В самом начале своей военной карьеры он по совету Чарльза Керра, который тогда временно проживал в Кесвике, решил побывать на Камберлендских озерах и осенью 1797 года вместе с братом, капитаном Джоном Скоттом, и Адамом Фергюсоном тронулся по направлению к границе. По дороге они сделали остановку в Твидейле и осмотрели хижину, которую построил для себя Дэвид Ритчи, прославленный впоследствии Скоттом под именем Черного Карлика. В низкой темной комнате им сразу же стало не по себе, и они пожалели, что вошли, особенно когда карлик закрыл дверь на двойной запор и, схватив Скотта за руку, вопросил замогильным голосом: «Умеешь наводить порчу?», подразумевая черную магию. Скотт признался, что нет. Тогда карлик подал знак огромному черному коту, и тот, вспрыгнув на полку, уселся там с видом жутким и зловещим. «А вот он — умеет», — произнес карлик тоном, от которого кровь стыла в жилах, и, довольный произведенным эффектом, повторил фразу, злорадно осклабившись.
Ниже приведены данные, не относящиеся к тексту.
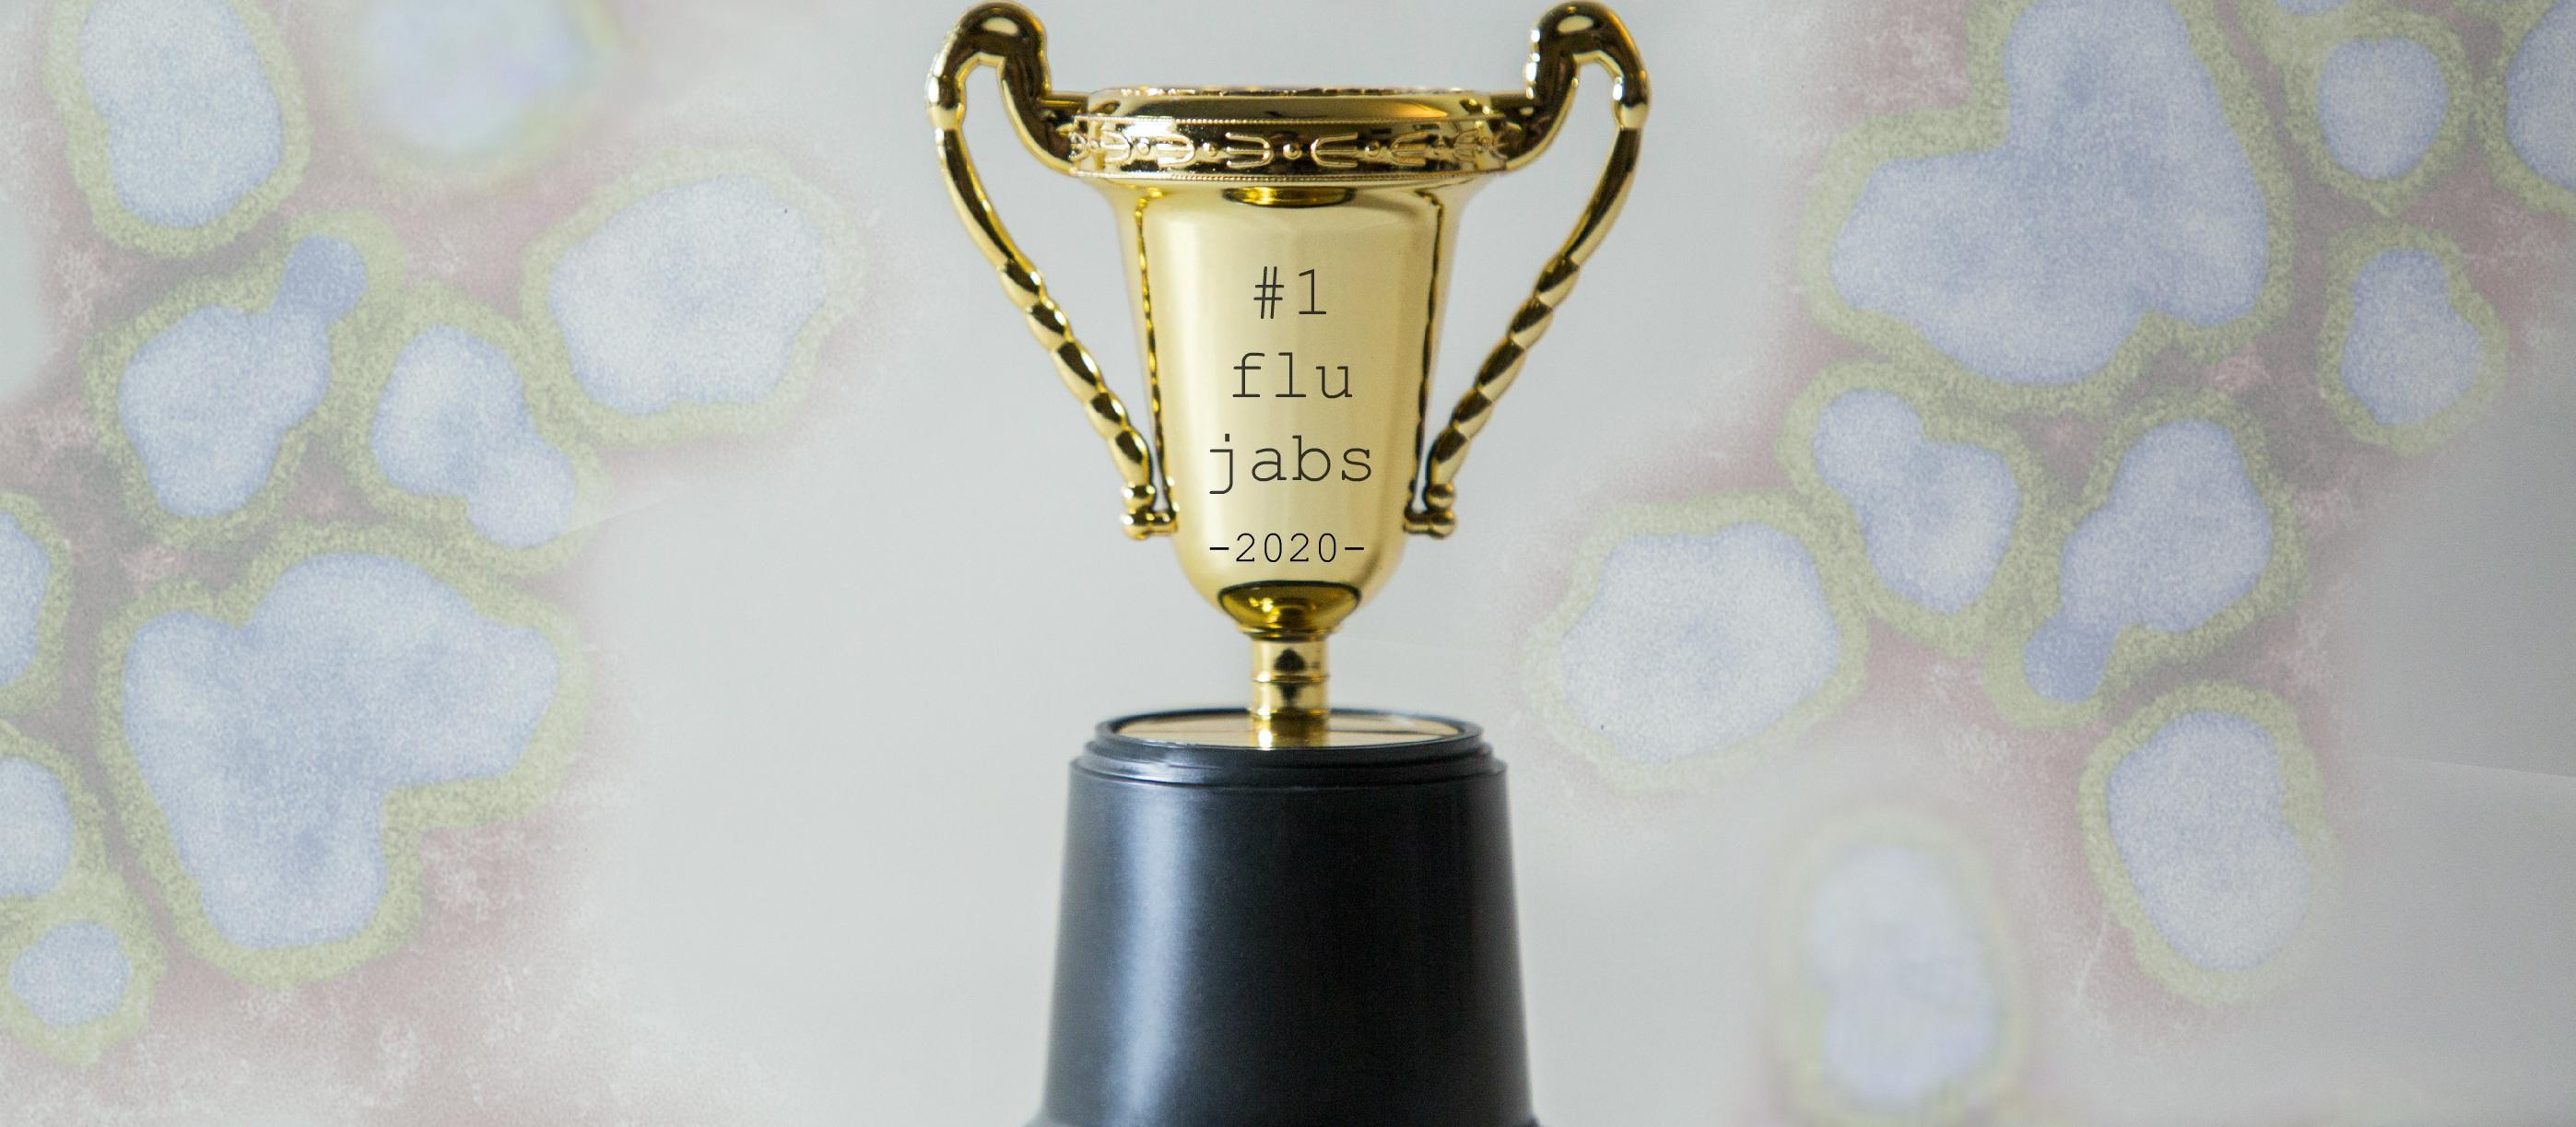 Flu jab trophy
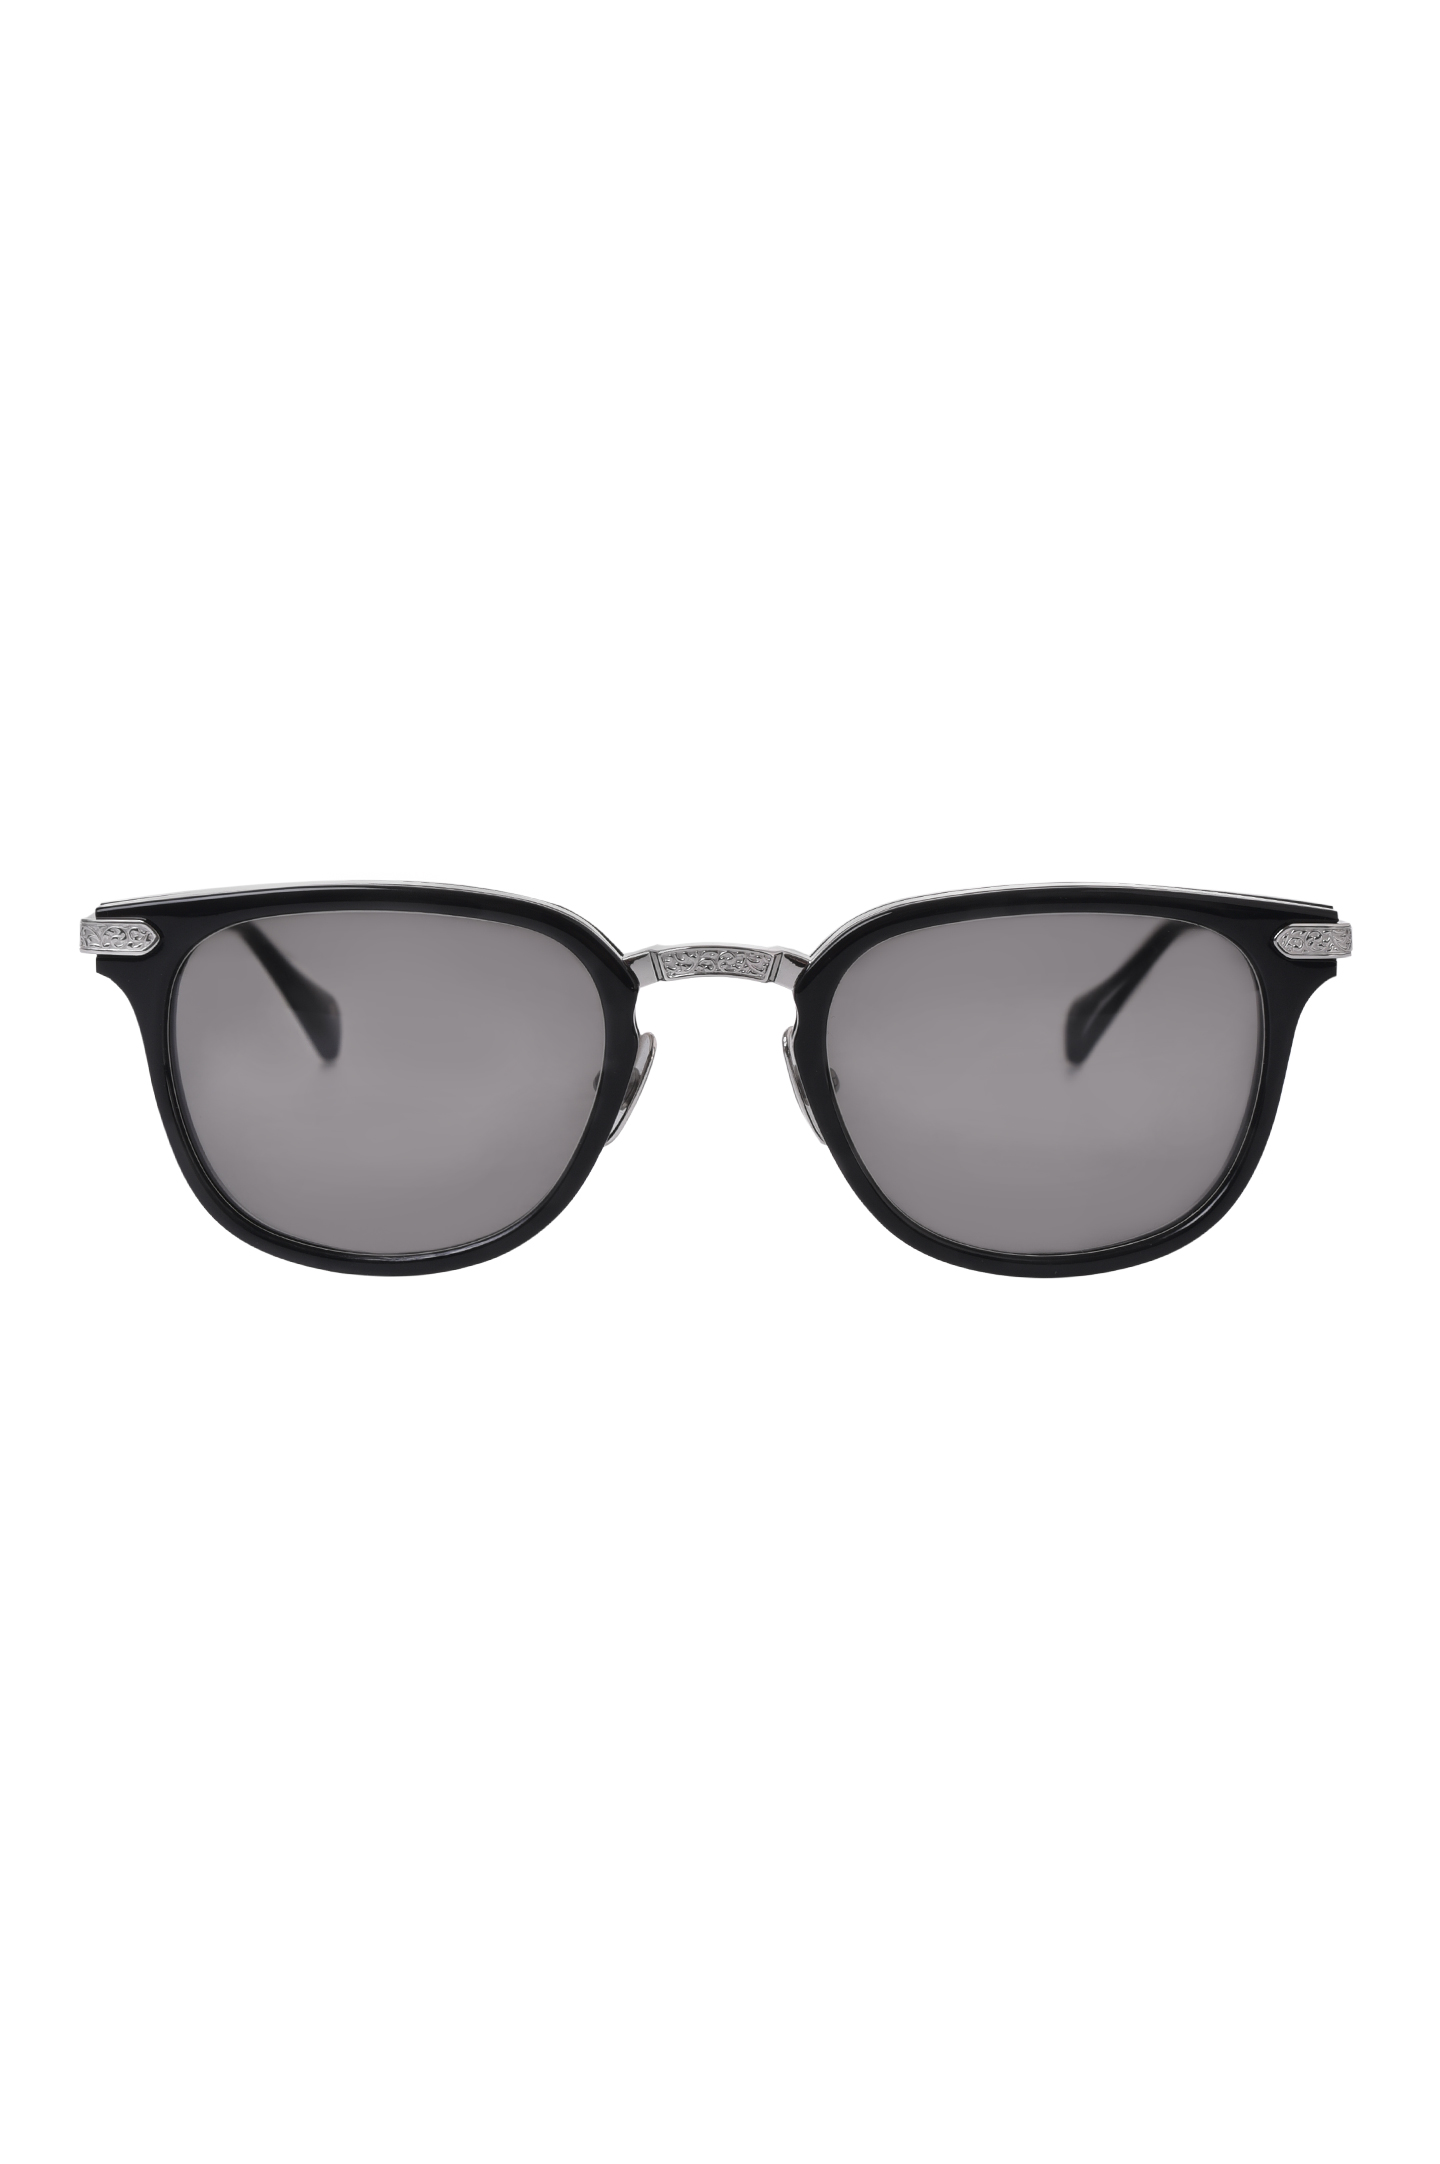 Солнцезащитные очки STEFANO RICCI SG13P MEACET, цвет: Черный, Мужской

Какое-то время они просидели неподвижно и в мертвом молчании, будто под гипнозом, пока наконец Фергюсон не набрался мужества попросить карлика отворить дверь, что тот и сделал — мрачно и отнюдь не спеша. Спотыкаясь, они выбрались на свет, и Фергюсон заметил, что Скотт бледен и возбужден.

Они пришли в чувство, только перевалив через Чевиот; добрались до Карлайла, оттуда до Уиндермира и окончательно обосновались в Гилсленде, модном тогда курортном местечке, где Скотт получил возможность понаблюдать, как проводит время праздная светская публика, не подозревая о том, что наблюдения эти еще пригодятся ему для романа «Сент-Ронанские воды». К этому времени он твердо решил добиваться взаимной любви. Он завел флирт с первой же хорошенькой девушкой, попавшейся ему на глаза, и, когда они пошли поглядеть на Римскую стену, презентовал ей пару стихотворений вкупе с букетом цветов. Однако через несколько дней он познакомился на верховой прогулке со всадницей, которая приглянулась ему значительно больше, и в тот же вечер ухитрился пригласить ее отужинать с ним после танцев.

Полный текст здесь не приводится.